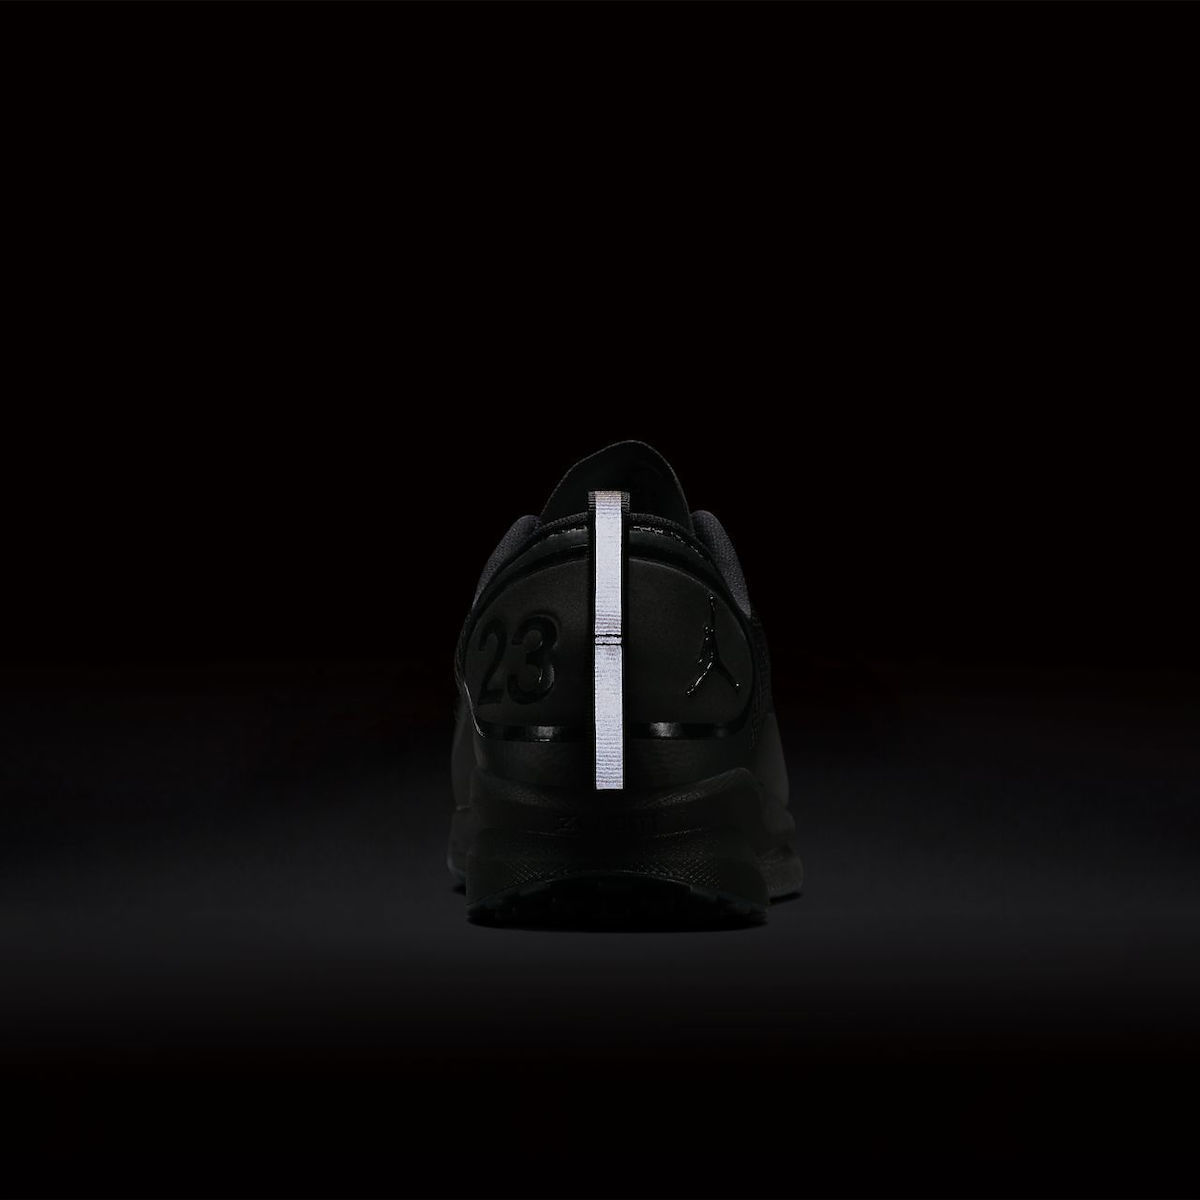 c1902937 Nike Jordan Zoom Tenacity AH8111-011 - Skroutz.gr
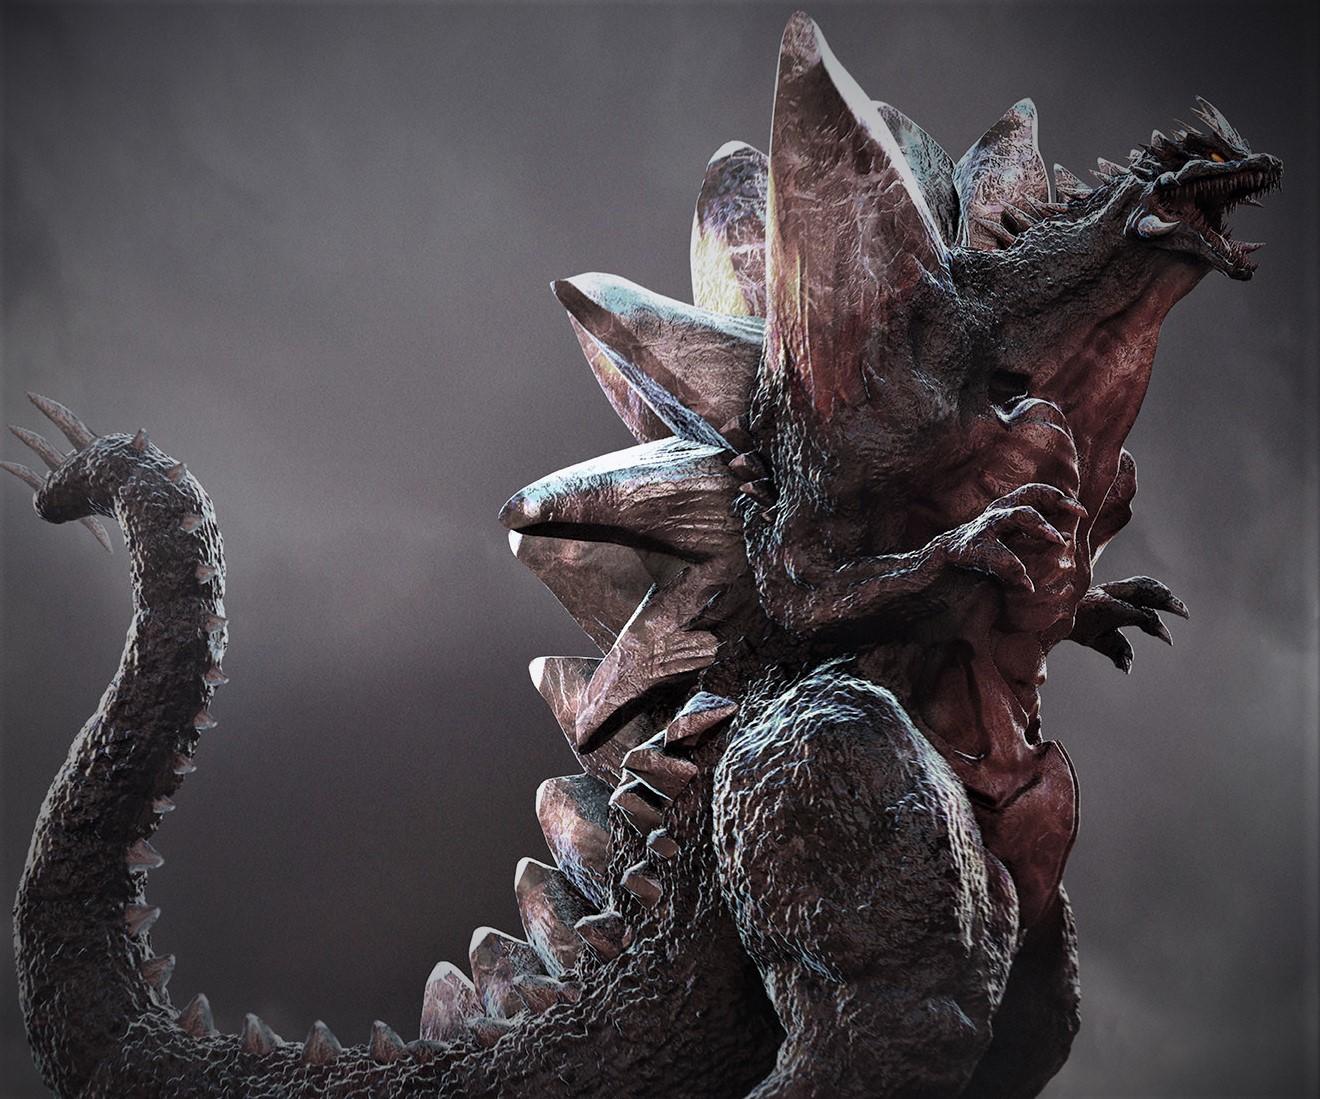 5 Musuh Terkuat Godzilla, Sukses Luar Biasa
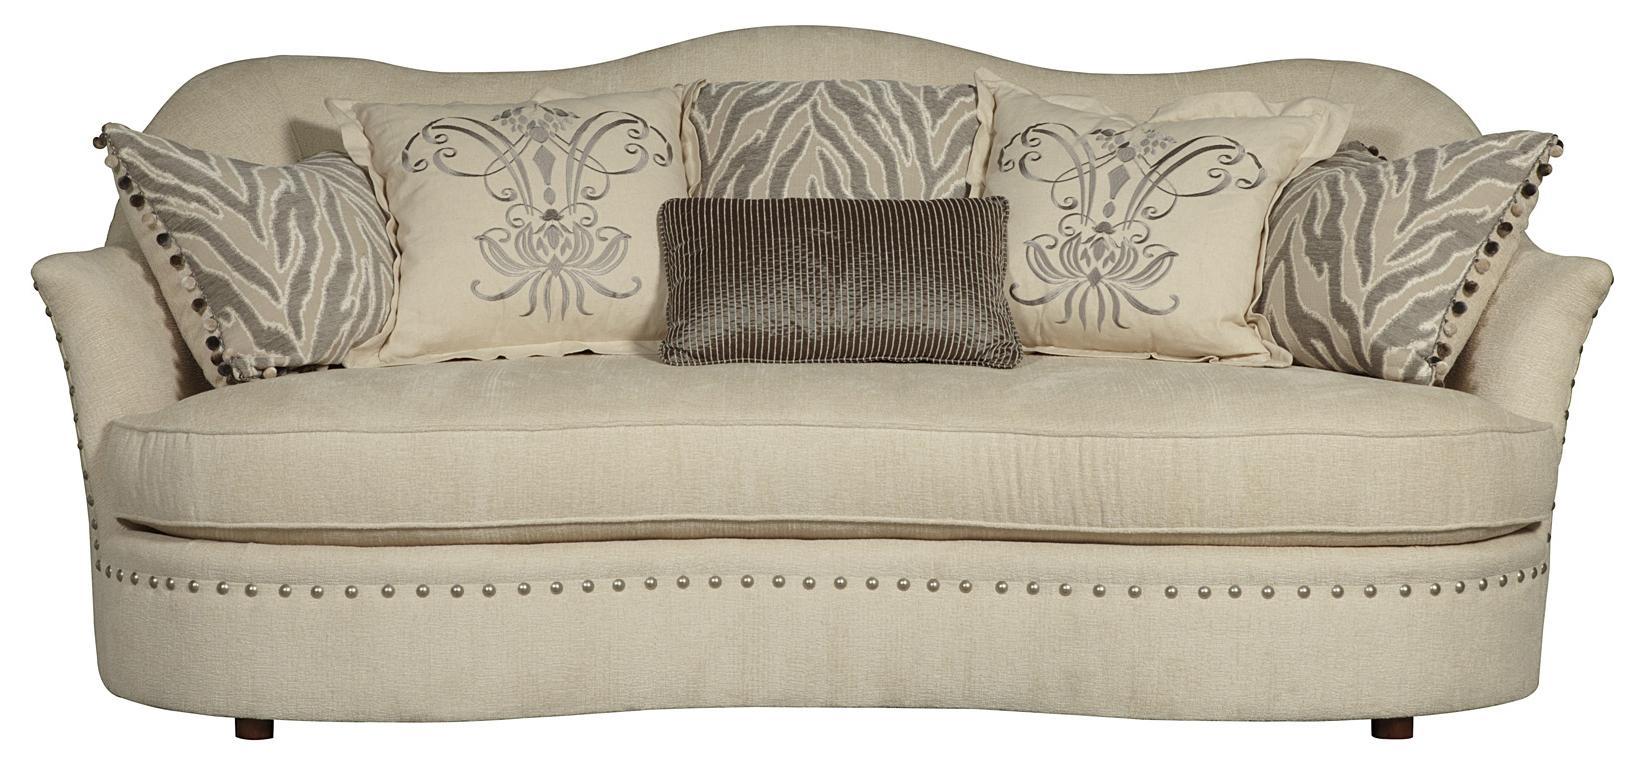 A.R.T. Furniture Inc Cotswold Amanda   Ivory Sofa   Item Number:  204501 5008AA

Problem details
The reply should repeat the listing above exactly and contain no pictures.

Solution to this task
 c1902937 Nike Jordan Zoom Tenacity AH8111-011 - Skroutz.gr
 5 Musuh Terkuat Godzilla, Sukses Luar Biasa
 A.R.T. Furniture Inc Cotswold Amanda   Ivory Sofa   Item Number:  204501 5008AA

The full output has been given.